Additional, it also included introduction of a six-month timeframe from the date of commencement of trial for the TAT to conclude and provide a decision; and provisions for hearing of ex-parte and non-contentious applications in Chambers as well as summary appeal procedure for liquidated money demands.

Although the TAT (Procedure) Rules, 2010 was effectively replaced, the rules allows for “anything done” under the defunct 2010 Rules to remain valid, as long as such is not inconsistent with the provisions of the new Rules, thereby grandfathering existing matters and ensuring a smooth transition.

To Partner and Head, Tax Regulatory and People, KPMG, Wole Obayomi, the implementation of the new rules emphasises the federal government’s commitment to improving Nigeria’s tax landscape, which commenced with the enactment of Finance Acts, 2019 and 2020.

According to him, the amendments to the TAT (Procedure) Rules, which was the initial forum for formal tax adjudication in Nigeria, align with changes in global tax administration systems and would ensure that the TAT’s procedures are up to date and give taxpayers increased confidence in the system.

He further pointed out that the role of the Tax Commissioners are not those of “judges” in the constitutional sense and so, rather than becoming a part of the judiciary, the TAT should be preparatory to, and supplementary to the formal judicial system.

On their part, analysts at PwC noted that: “The new procedures took effect from 10 June 2021, but taxpayers generally became aware of it end of September 2021.

“The rules are intended to make the TAT more efficient in the dispensation of justice.

“They are also a reflection of the current realities given the wide adoption of technology in the administration of justice. With the powers to order costs, the TAT now has powers to penalise erring parties for unprofessionalism and unnecessary delays.”

The Federal Inland Revenue Service (FIRS), the country’s revenue generating agency has over the years continued to take steps to increase the country’s revenue.

The amendment to the rules would clearly help in the drive to ensure that defaulters, especially as in the case of some multinationals that are presently under investigation, would be made to comply with their tax obligations.

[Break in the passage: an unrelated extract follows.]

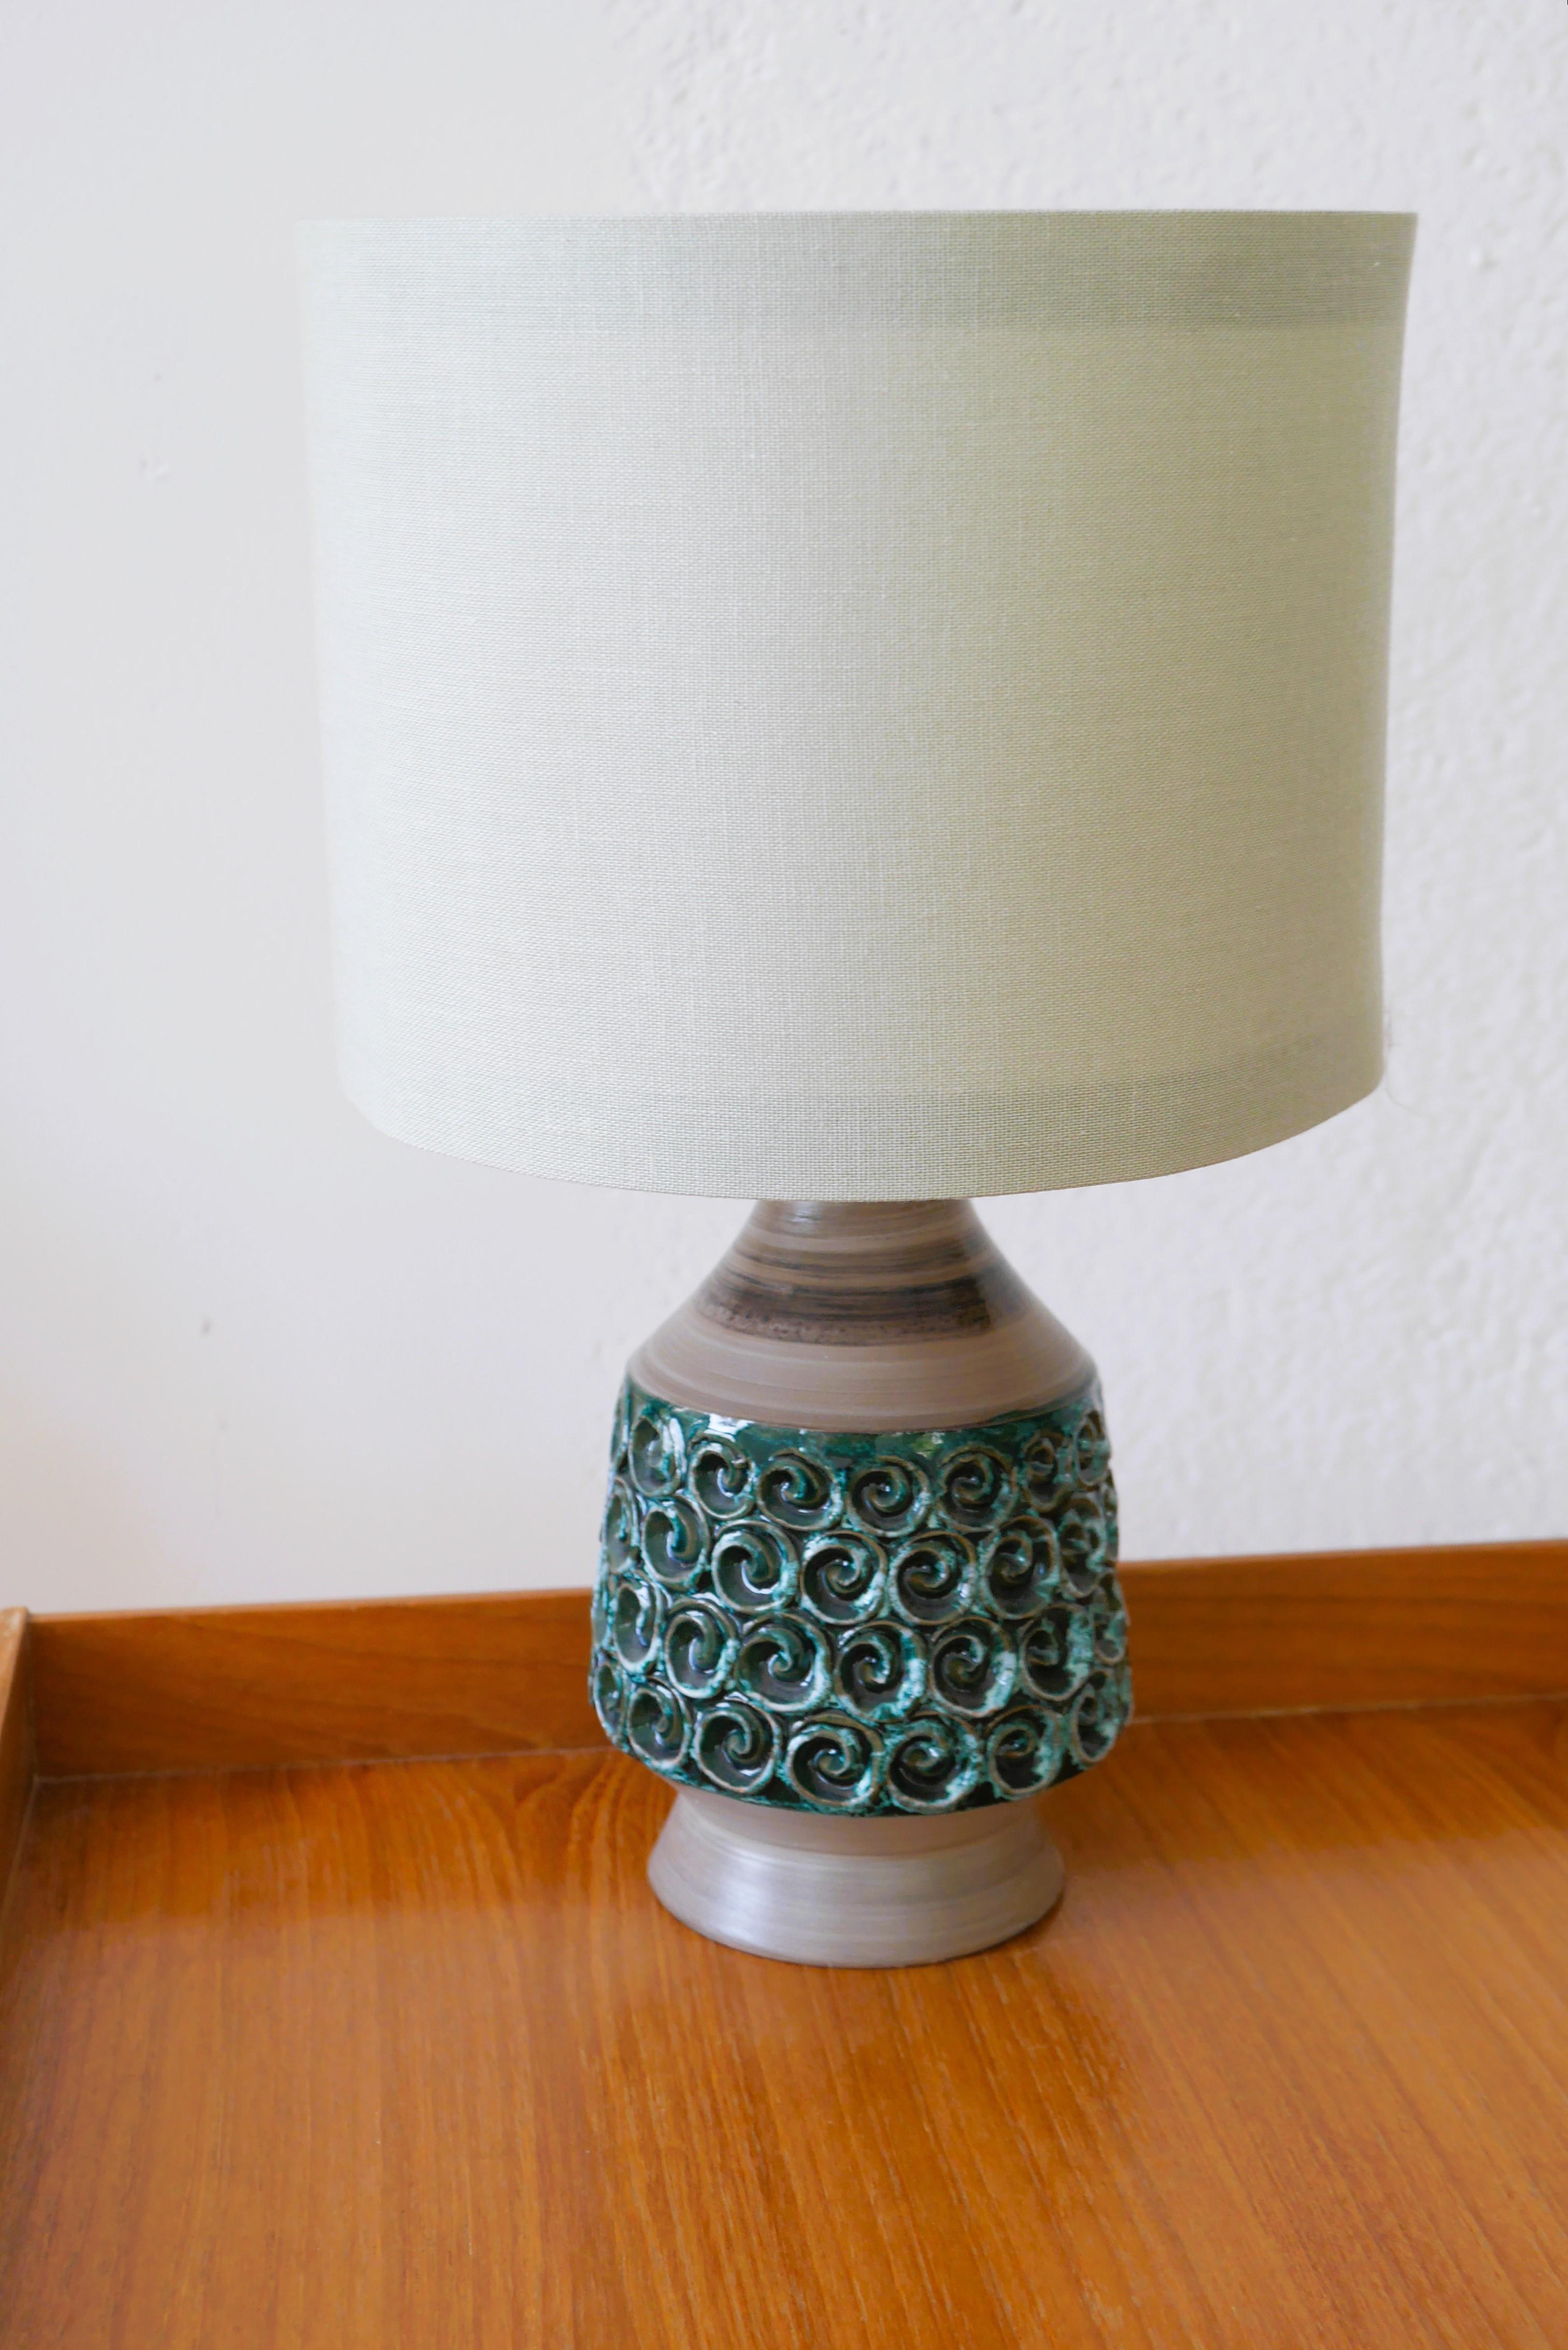 A beautiful handmade ceramic lamp base from Bitossi, Italy. This is very adorable little lamp which has very muted colours, with a warm pale brown base with green details in the middle section, which gives it a contemporary feeling. It is 24cm

FIRS, Muhammad Nami said the agency has a projection of N10.1 trillion revenue generation for the country in 2022. According to him, of the total amount projected, N2.053 trillion will be remitted to the federal government, while the balance will go to the states and local governments of the federation.

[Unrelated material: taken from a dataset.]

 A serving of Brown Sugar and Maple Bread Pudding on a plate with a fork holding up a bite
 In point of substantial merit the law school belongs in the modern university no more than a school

Nami, told lawmakers recently that the FIRS generated N4.9 trillion revenues in 2020, which was about 98 per cent of its set target for the year, said there was the possibility of surpassing the set target for revenue generation in 2022.

He assured the lawmakers that after some investigations and audit, which will be carried out by the agency in 2022, government revenue was expected to increase significantly in 2023.

The Chairman, House Committee on Finance, Hon. James Faleke, commended the agency for its efforts in generating revenues, urging them to do more.

Therefore, Nigerians must support the FIRS to ensure that ongoing tax reform in the country bear fruits so as to see much larger gains.